Usha Periyanayagam: Responders to deadly Nepal quake face immense logistical challenges
In disasters, all normal systems break down, imposing psychological burden on rescuers
Editor’s Note: Usha Periyanayagam is an attending physician specializing in emergency medicine at Brigham & Women’s Hospital in Boston, research director of the Global Emergency Care Collaborative, and affiliate faculty of the Harvard Humanitarian Initiative. The opinions expressed in this commentary are hers.
Nepal’s disaster responders in Saturday’s magnitude-7.8 earthquake have quickly become unsung heroes. Aid agencies and the United Nations have begun to coordinate a response and will soon join in their effort.
Both local and foreign disaster responders face incredible challenges of resources, logistics, threats to personal safety and stress, but the response must continue. This large earthquake in a country with a diffuse population, shoddy infrastructure and minimal disaster training threatens to produce a massive death toll.
In the first 72 hours after a disaster, the response is always local. Neighbors are housing others in makeshift shelters and are sharing their meager resources with strangers who have even less. Untrained teams have formed search and rescue committees, saving people in demolished buildings. The outside aid agencies will join them soon.
In hospitals, the lack of resources is especially acute. Medical personnel are responsible for the difficult process of triage, limiting their precious time and resources to those who can be helped. Basic items – such as clean water and gauze to prevent wound infections, plaster to splint broken bones, and pain medicine to ease the suffering of the dying – are in short supply.
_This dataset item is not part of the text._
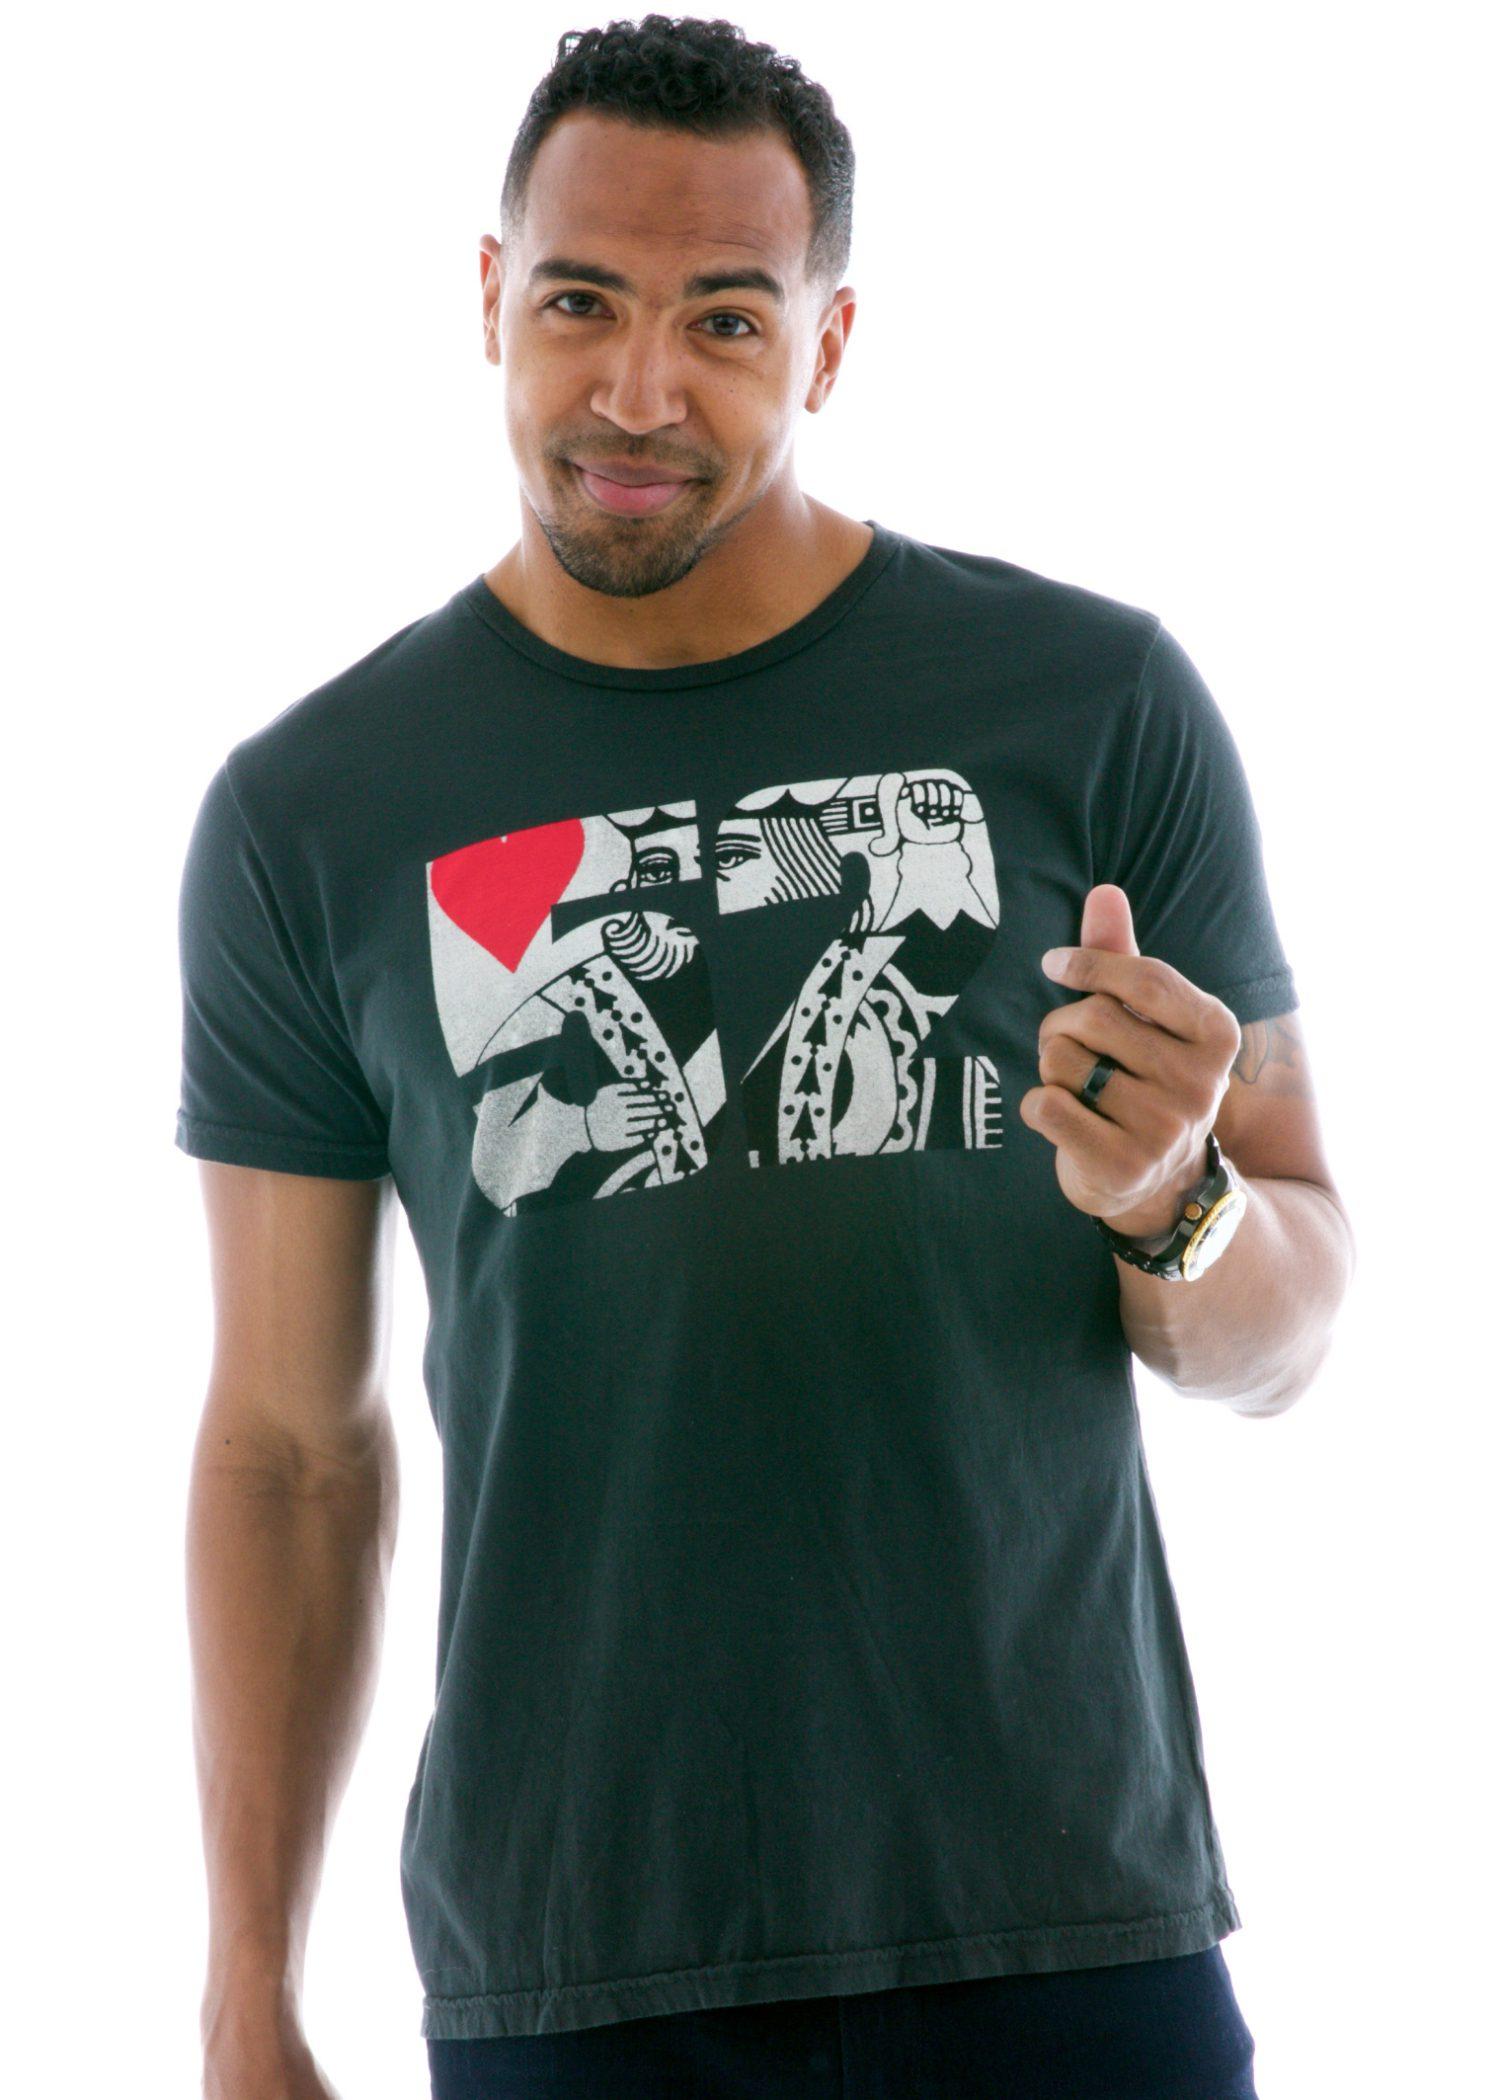 Men's Superfine Jersey Fashion Crew Short Sleeve T-Shirt

Nepal’s already understaffed hospitals lack the doctors and nurses to treat the massive influx of patients. Clinics in rural areas don’t have the experience, personnel or equipment to treat the traumatic injuries common in earthquakes.
Even when resources are available, disaster responders are challenged by lack of infrastructure. The airports are running and many countries have sent supplies. However, the feeder roads to distribute these donated goods are covered with debris. Nepal lacks the equipment and personnel to clear them quickly. Furthermore, the forecast of a cool night and rainy day on Sunday has the potential to destroy perishables. The government has yet to allow expedited customs clearance for donated goods. This infrastructure limits the disaster responders.
Challenges to the responders’ personal health are particularly daunting. The sheer needs after an earthquake force untrained personnel to enter dilapidated buildings, risking their own safety. The potential for aftershocks, avalanches and landslides threatens the responders. Treatment of the wounded without gloves or clean water places them at risk of infection and endemic diseases. They are vulnerable to assault and battery as desperate populations attempt to save their loved ones.
The stress of relief work is indescribable. Aid workers know that pausing to sleep or eat prevents them from helping others and results in more lives lost. Guilt and frustration accompany the unending critical decisions workers must make; there is constant exposure to misery and suffering. Foreign disaster responders’ stress is compounded by the pressure of working in an unfamiliar country.
Disasters cut all human support systems, breaking families, displacing neighbors and destroying comfort items. In an earthquake this size, there is no place to take a break from the unending grief.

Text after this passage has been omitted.